**INSTRUCTIONS FOR THE TASK**
Restate the listing below word for word. No picture belongs in the result.

**GIVEN MATERIAL**
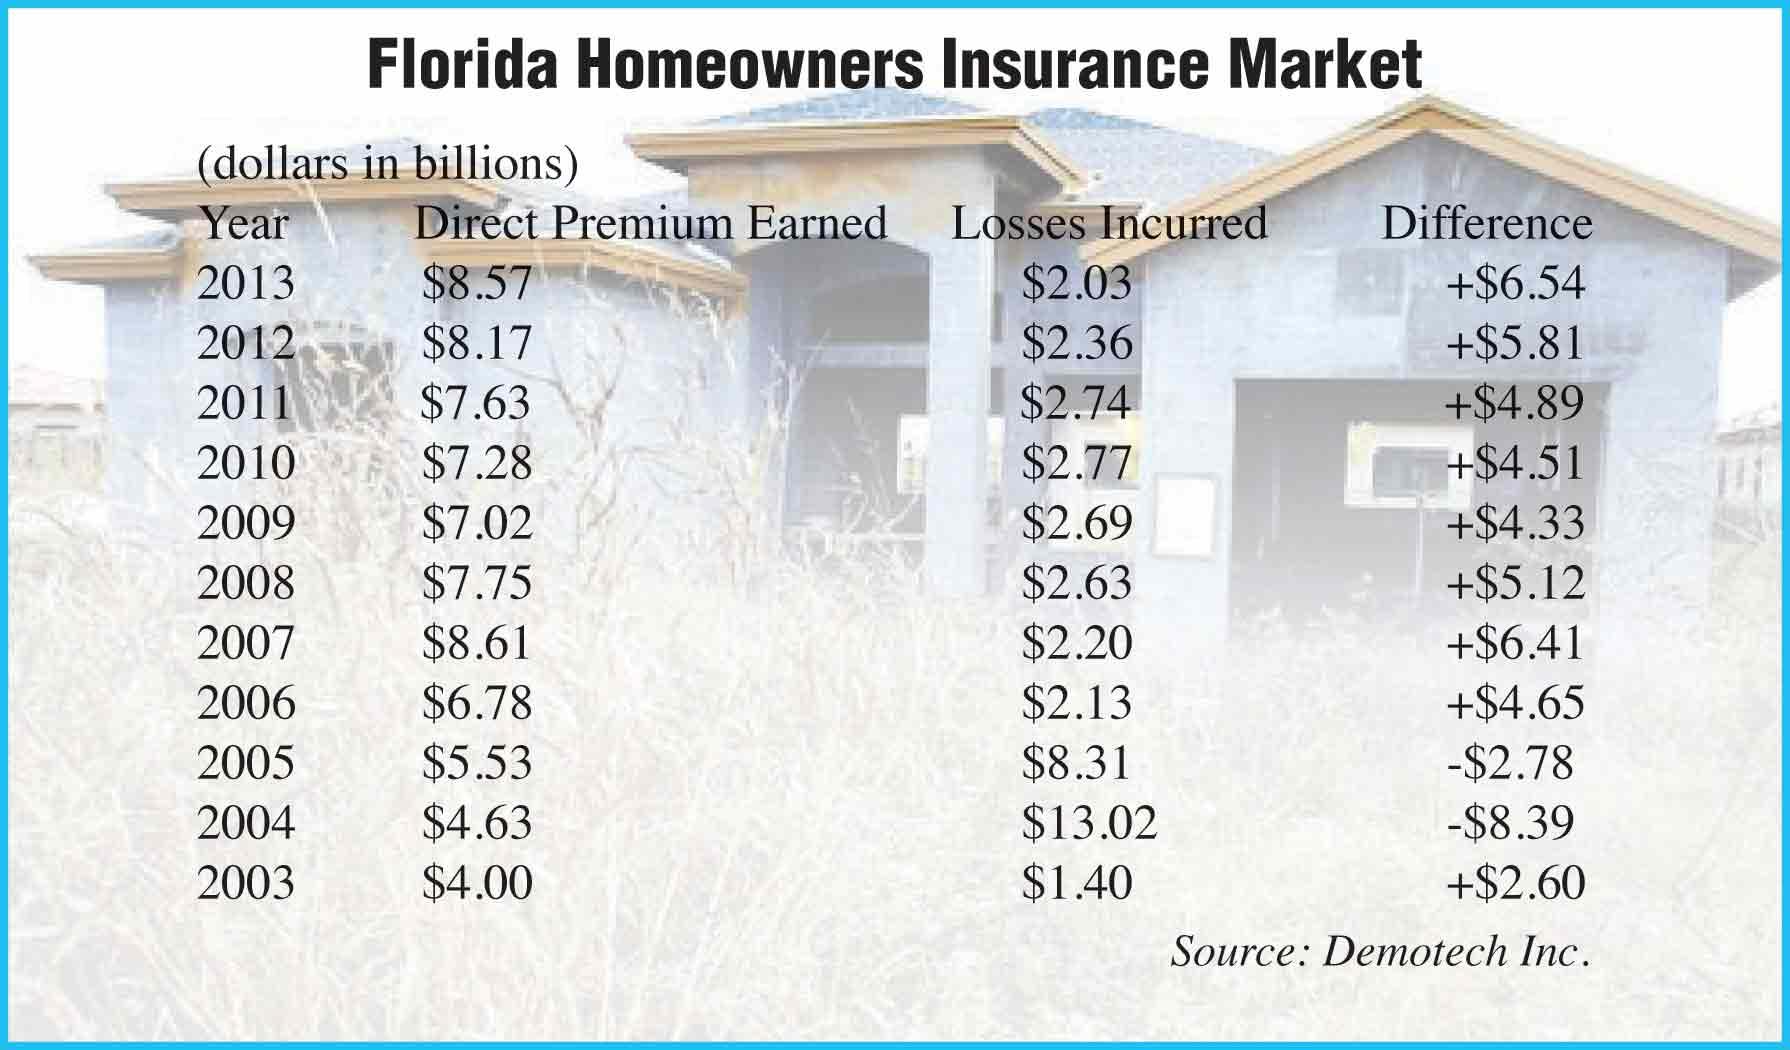 Home insurers' premium margin expands
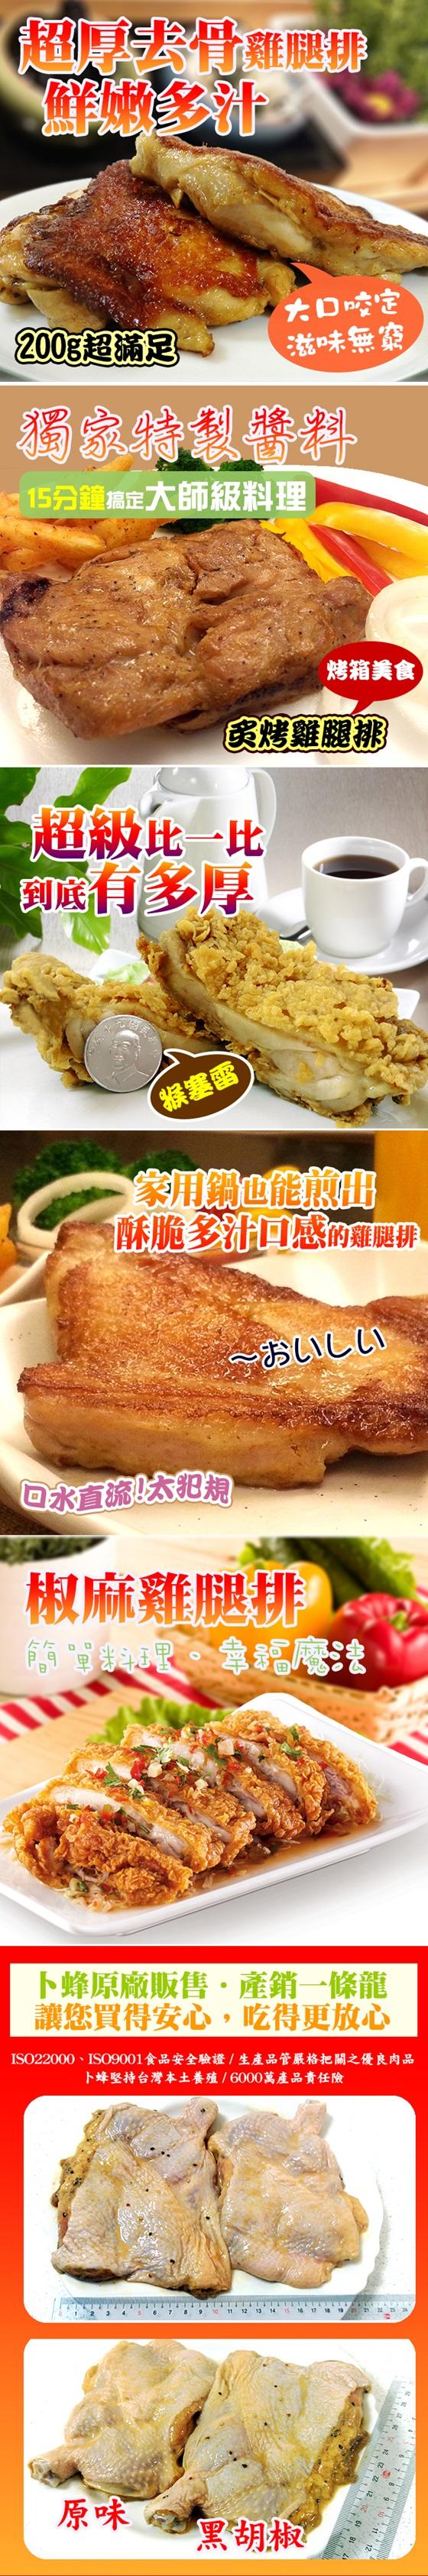 卜蜂/卜蜂食品/獨家鮮嫩去骨雞腿排/鮮嫩去骨雞腿排/去骨雞腿排/雞腿排/雞腿/雞肉
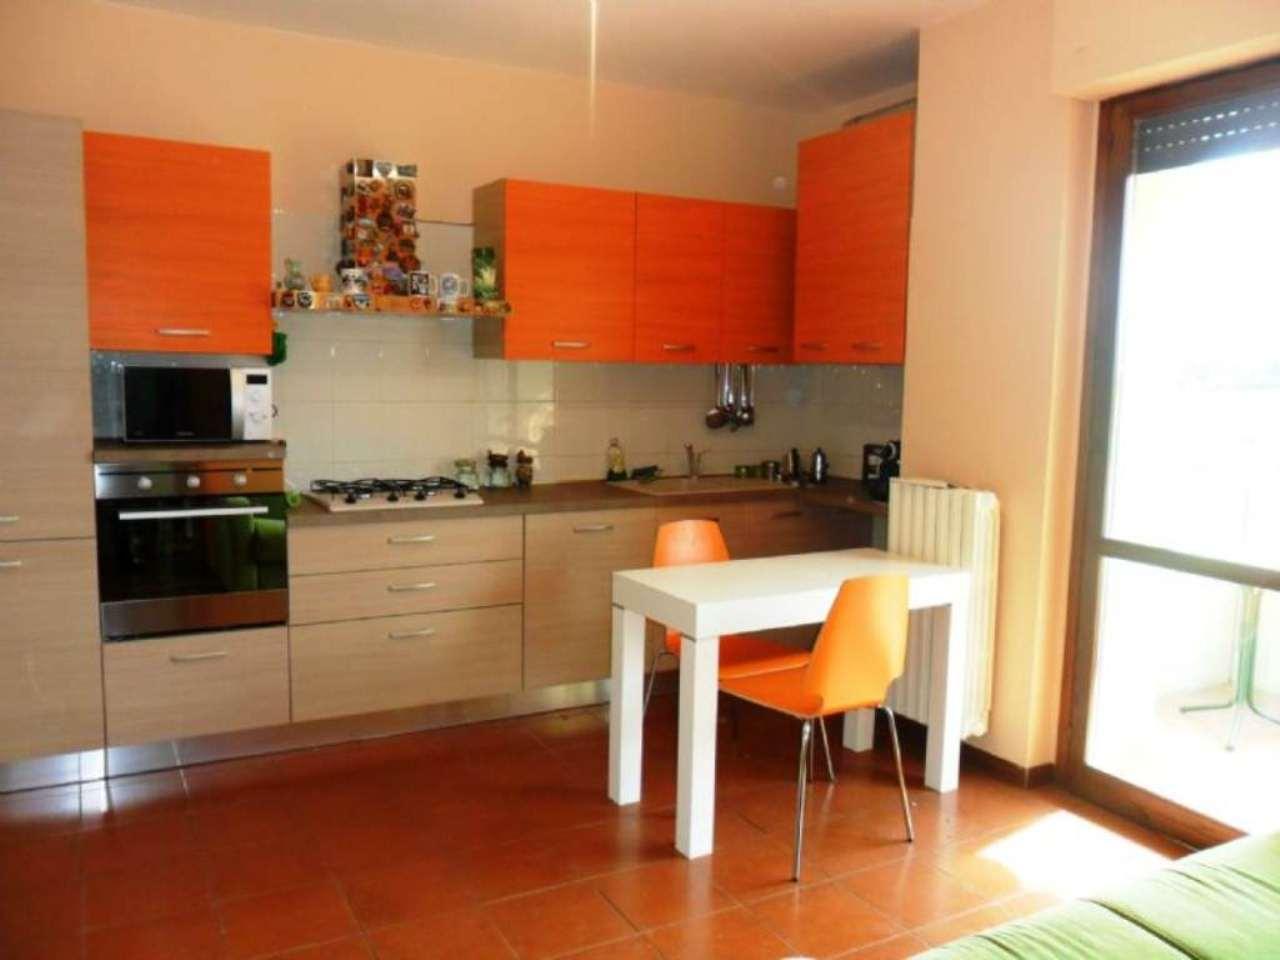 Appartamento in vendita a Fontevivo, 2 locali, prezzo € 60.000 | Cambio Casa.it

**REPLY TO THE EXERCISE**
 Home insurers' premium margin expands
 卜蜂/卜蜂食品/獨家鮮嫩去骨雞腿排/鮮嫩去骨雞腿排/去骨雞腿排/雞腿排/雞腿/雞肉
 Appartamento in vendita a Fontevivo, 2 locali, prezzo € 60.000 | Cambio Casa.it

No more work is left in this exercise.